Here is a comment coming from the pro-relationship perspective that was made in response to Servon:
The author misplaces the value of friendly customer service in these relationships. It is true that banks hit customers with hefty and surprising fees, and are both unapologetic about it and quick to blacklist customers who fall behind paying those fees via ChexSystems. However, the service provided with a smile at the check cashers costs more every single time no matter what. Positively comparing the latter to the former is like favoring the charming boyfriend that hits you every day over the one who hits harder but only sometimes. The moral response is to stop the violence, not succumb to - much less champion- more frequent beatings.

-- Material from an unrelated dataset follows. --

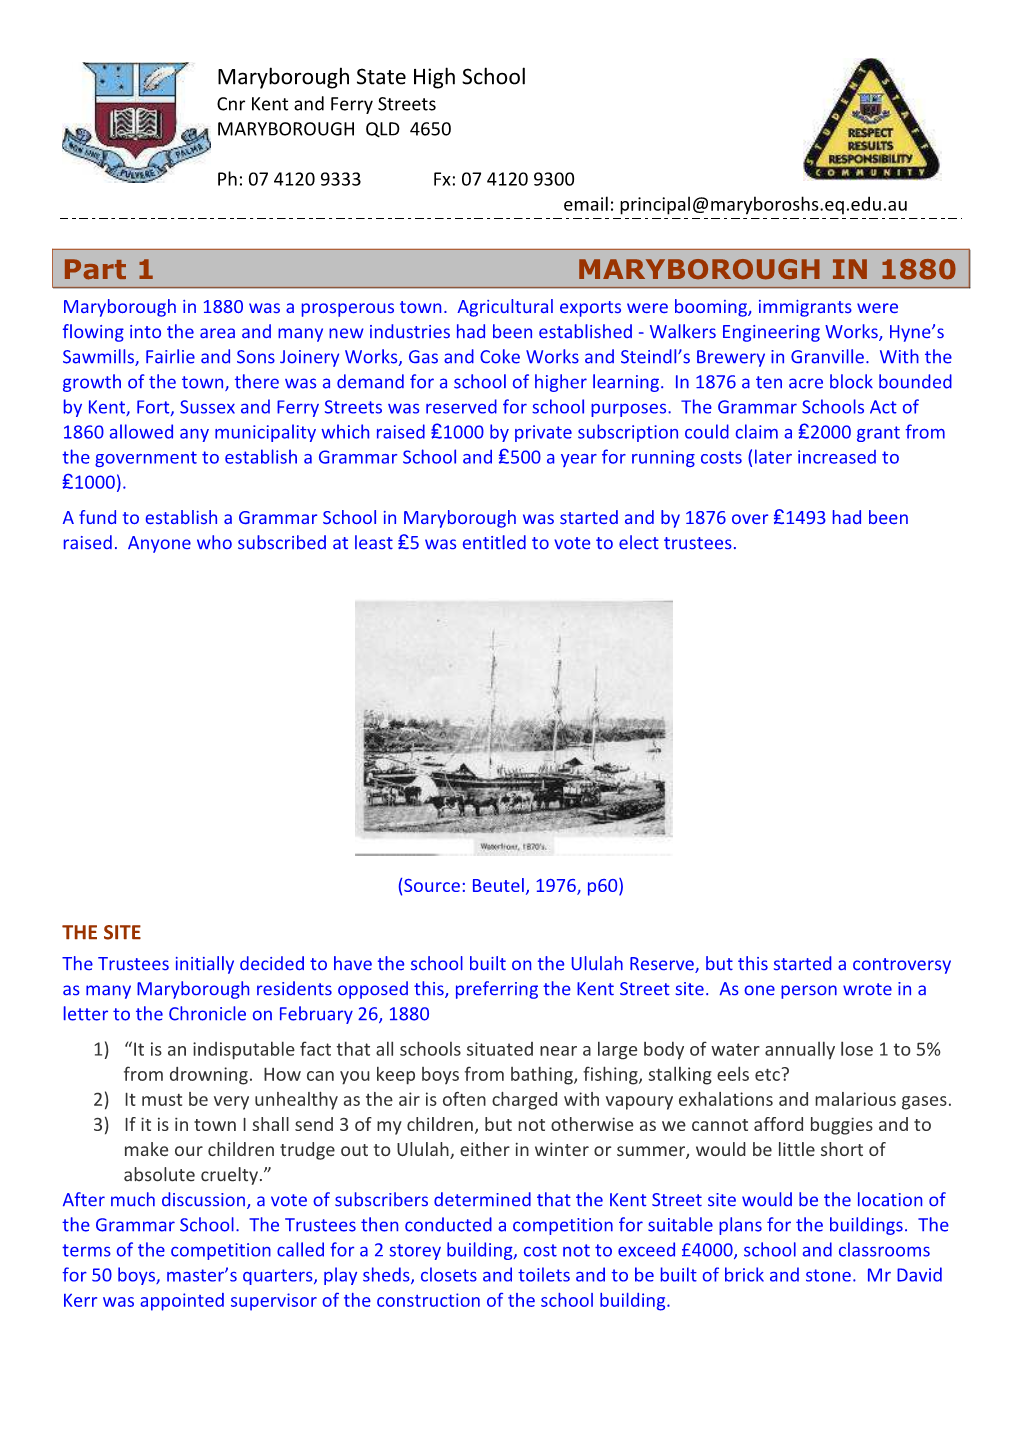 Complete History of Maryborough

By contrast, a standard checking account is likely to be linked to others. My bank has at one time or another offered me a savings account, a mortgage, a line of credit, a credit card, a safety deposit box, a student loan, another mortgage, and more that I can't even remember.
I recently spent an evening in the presence of Dan Ariely, a behavioral economist who considers how temptation factors in to decision making. On that night, he talked about dieting, smoking, and budgeting. Ariely is definitely a progressive, but he works outside of the professional advocacy community. His take was that lots of people would be better off if they could be protected from banks. To paraphrase, his take was that "banks only make money when you borrow more....lots of people need to go on a diet."
His point - that the need for a relationship is definitely a factor of your capacity to withstand a mistake - is an important one in my opinion. Ariely would insist that everyone makes financial mistakes - carrying a balance on a credit card, saving too little for retirement, going to an out-of-network ATM - but some people can brush it off.
Less filling, but tastes great - that's what the check cashers are offering. If you have a light bank, it doesn't taste as good as a micro bank, but he seems to be saying that it gets the job done.
More largely, this talks a lot about the huge gap in the policy conversation surrounding financial services for the poor. Free choice shouldn't have to conflict with consumer protection. I have an advocate friend who seems to be slipping into the lonely place between either side. It is probably not a good spot to be if you want long-term funding. But there is plenty of evidence that a softer, longer-term take on cost is not naturally nourished on the supply side. When a publicly-traded company like Green Dot refuses to offer overdraft, some institutional investors (the private market's counter to a foundation) snicker. When Steve Streit says he would never consider it now or ever, some of those money guys try to point out that he could inflate his company's share price. But that would mean that he would be building the top line of his whole company on the backs of only a sliver of his customers. Transactional companies can be tempted to take short-term revenues at the expense of relationship.
Servon's article is about the most provocative thing that has come down the policy pike in years. If you are one of the few people who hasn't yet read it, then I encourage you to do so as soon as possible.